Inference test on sample

Table 4 Summary of output voltage of NCPs neurons

5 Conclusion

In this research, we developed a hybrid deep learning architecture that integrates Convolutional Neural Networks (CNN) with Neural Circuit Policies (NCPs), inspired by the structure of worm brains. The CNN extracts important spatial information from the environment and passes them to the NCPs, which handle temporal features for high-stakes decisions. This combined architecture was incorporated into a state-of-the-art reinforcement learning algorithm and applied to the complex environment of VizDoom, characterized by realistic and intricate physics. Our experimental results indicate that the NCPs architecture, consisting of only 20 control neurons (comprising 12 inter-neurons and 8 command neurons), not only matches but outperforms others, demonstrating robustness and noise resilience.
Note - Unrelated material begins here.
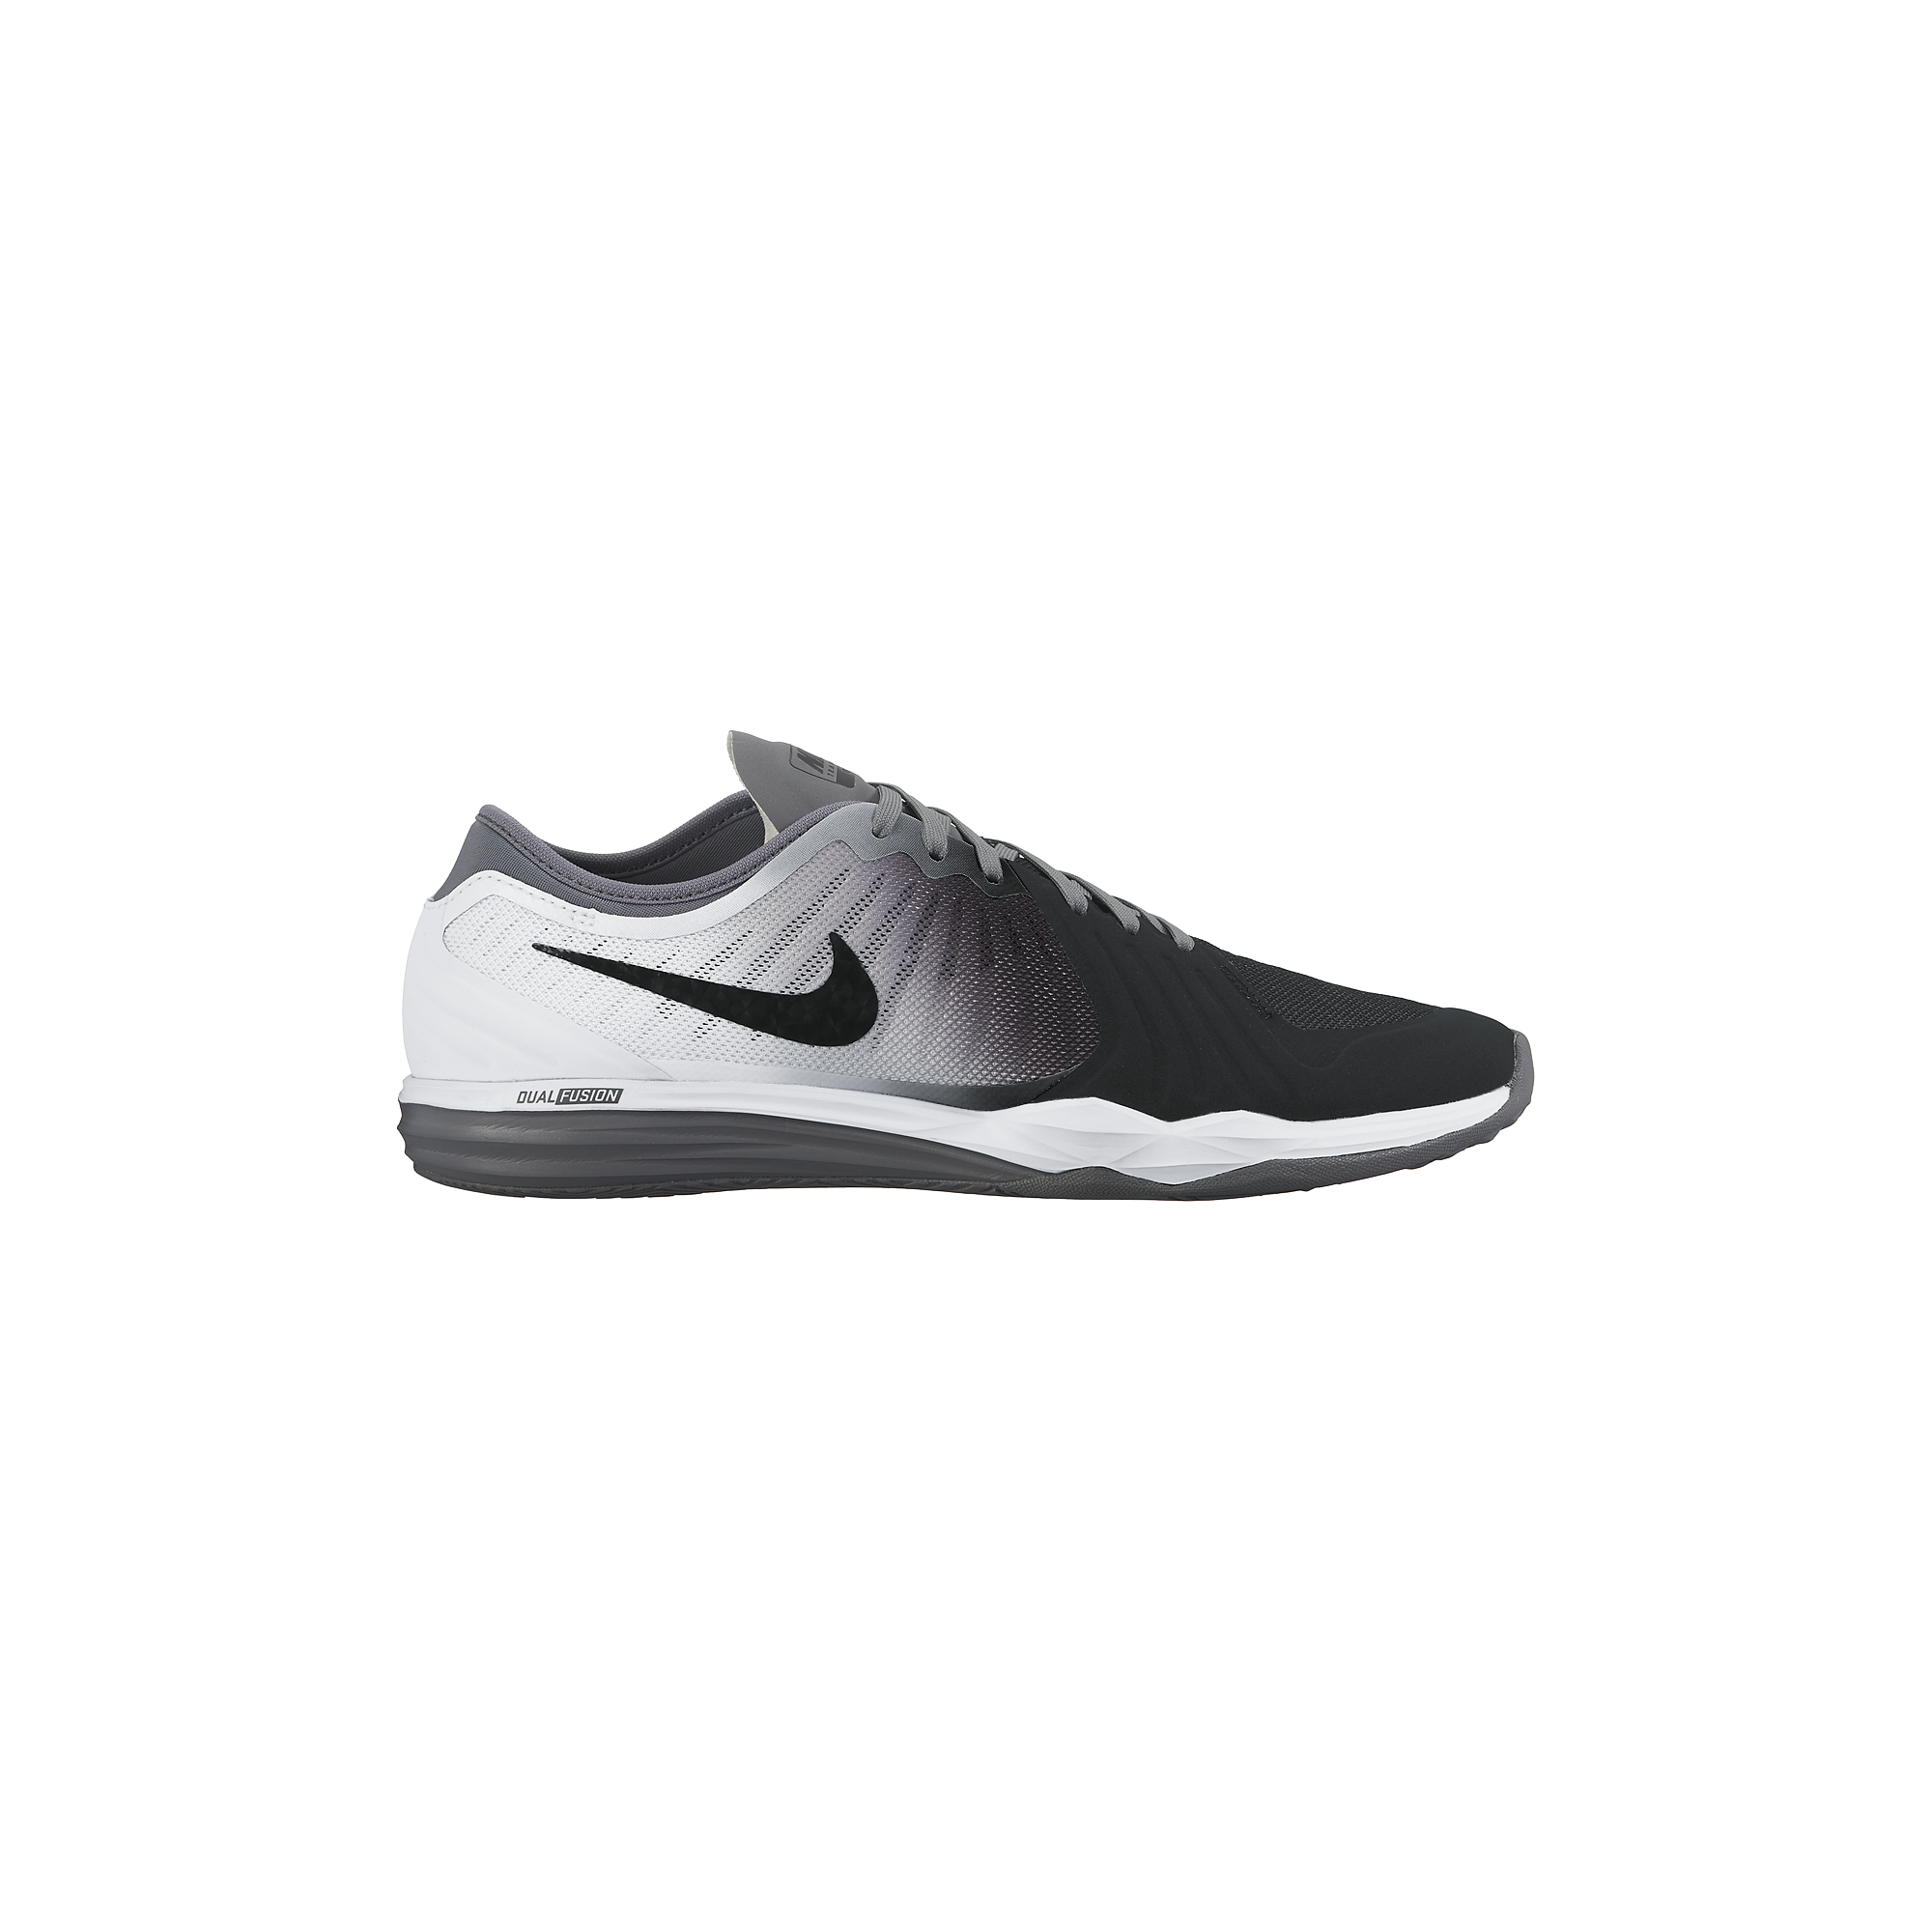 89db8a905a 4 Dual Print Training Cipő 819022 003 Női Fusion Nike W Tr 80XNwPkZnO

We highlight the potential of the NCPs architecture to compete with cutting-edge algorithms and emphasize its ability to produce interpretable and expressive neural agents, which is crucial for real-world applications such as robotics where the environment is consistently changing. Future Work: While our results exhibit promise, there exist areas for improvement within our architecture. The implemented reward mechanism is a simplified version. A more precise reward mechanism with penalties has the potential to significantly enhance the capabilities of our neural network. Additionally, our current scope is constrained by hardware limitations, and our focus has been primarily on a basic game scenario. To fully exploit the proposed methodology, future research endeavors should encompass diverse scenarios, allowing for a more comprehensive understanding and application of proposed architecture.